Nos encontramos en un periodo de guerra civil. Las naves espaciales rebeldes, atacando desde una base oculta, han logrado su primera victoria contra el malvado Imperio Galáctico.

 

Thomas se vuelve para mirar a su padre, pero ya se ha marchado.

 2 

LA CABAÑA A 35.000 KILÓMETROS

 

 

 

Cinco horizontal: tristemente de la mano, van el astro rey y la que puede ser antigua, de oro o simplemente Media.
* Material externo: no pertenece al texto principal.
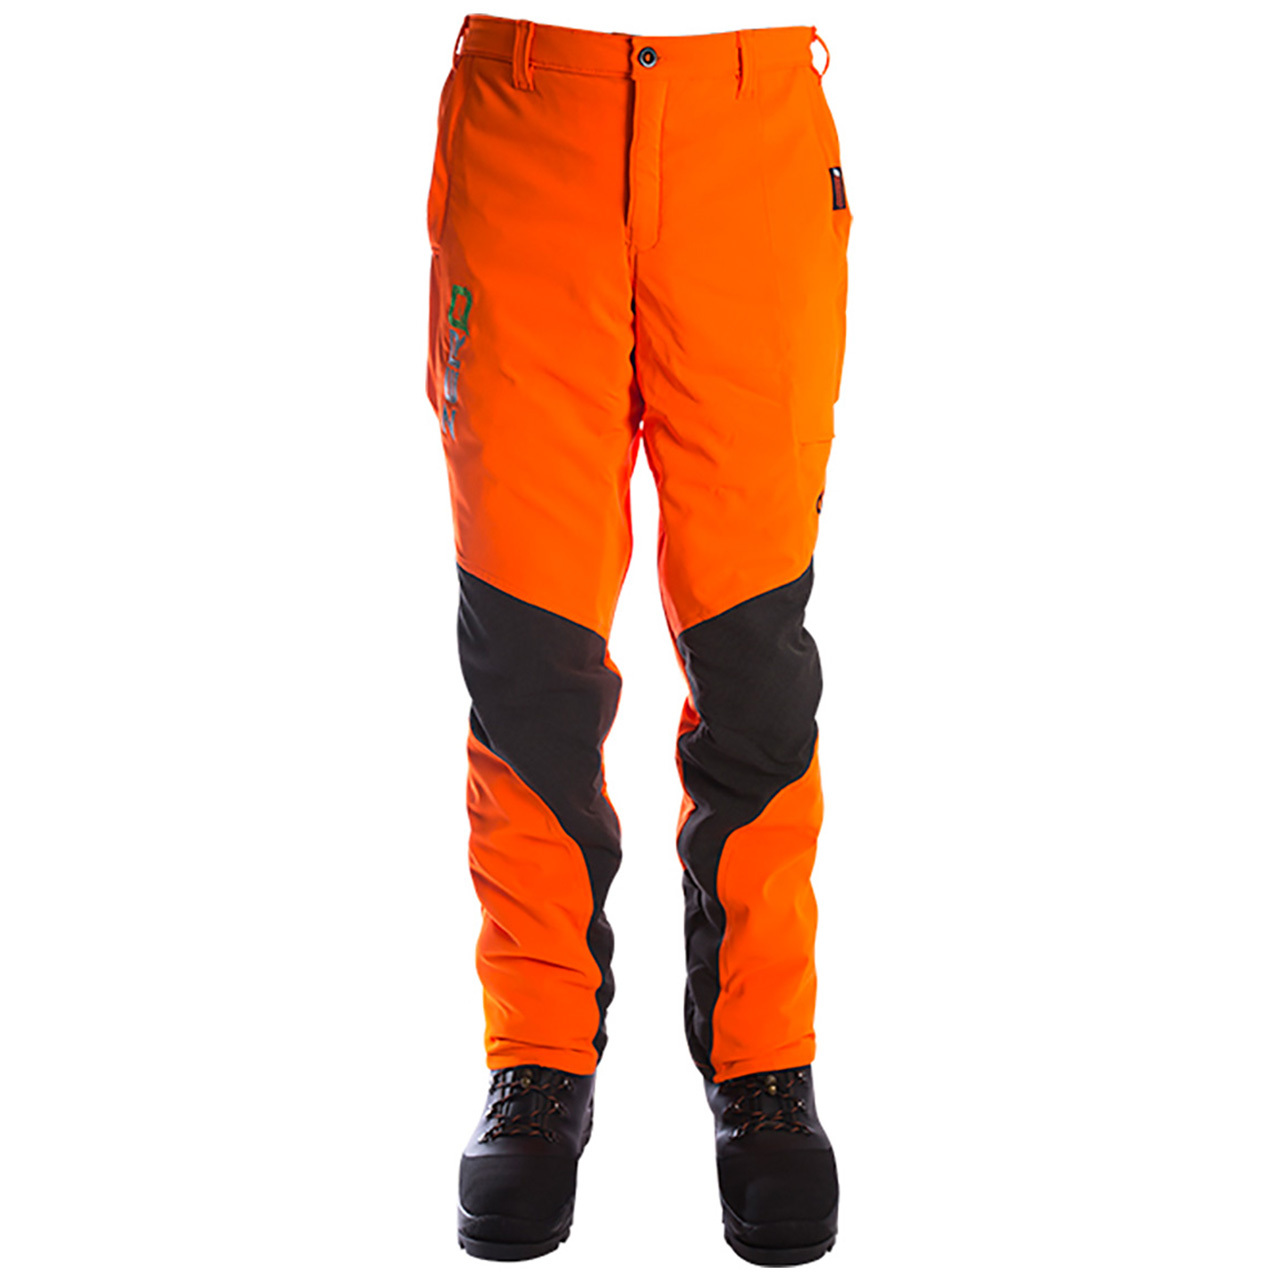 Clogger Zero Gen2 Light & Cool Men's Chainsaw Pants - Hi Vis Orange

Thomas Major cierra los ojos para pensar y decide que lo mejor que hay es el silencio. Ningún claxon, ninguna voz gritando, ningún motor de inyección, ningún teléfono sonando, ningún bip-bip-bip de camiones de la basura marcha atrás.

Nada.

Nadie llamando a la puerta, ni los bajos de la música horrible que ponen los demás, ningún portazo, ninguna televisión atronadora.

Solo silencio.

Ni parloteos de programa de radio, ni soniditos de mensajes que acaban de llegar, ni martillos neumáticos, ni gente en la calle destrozando música clásica.

Ninguna de las cosas que ha clasificado en su cabeza como «amenazas del aura».
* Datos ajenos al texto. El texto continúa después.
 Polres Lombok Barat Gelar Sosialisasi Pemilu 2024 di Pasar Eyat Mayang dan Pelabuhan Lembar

Thomas Major siempre ha querido tener una cabaña. Ahora, aislado como una crisálida, lejos de cualquier persona y de sus horribles ruidos, golpea con la punta de su lápiz la primera página del Gran Libro Guardián de los Crucigramas Verdaderamente Difíciles y Crípticos. El golpeteo del lápiz es un buen sonido, un acompañamiento para el fuerte ejercicio mental. Y es su sonido, su ruido.

Igual que el que hace al dar un gran sorbo de té, caliente y demasiado dulce. No hay nadie alrededor que pueda reprocharle sus modales. Sorberá si quiere. Le da vueltas al té en la boca hasta que se enfría lo bastante como para pasar con imponente sonoridad hacia el fondo de su garganta.
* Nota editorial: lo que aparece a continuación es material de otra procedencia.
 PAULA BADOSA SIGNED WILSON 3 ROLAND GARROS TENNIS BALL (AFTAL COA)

—Chúpate esa —dice cuando se lo ha tragado. No se lo dice a nadie en concreto.

Todo lo que ha querido en la vida es su propia cabaña. Envidiaba a esos hombres que podían desaparecer en el fondo de sus jardines y encerrarse lejos de cualquier cosa y de cualquier persona. Y ahora, en su cumpleaños número cuarenta y siete, está por fin solo, libre para sorber té, para pasar todo el tiempo que quiera haciendo crucigramas. Ha estado reservándose este libro y sus trescientos sesenta y cinco acertijos imposibles. Golpea la página con el lápiz de nuevo. ¿Van de la mano? ¿Tristemente? ¿De oro, Media?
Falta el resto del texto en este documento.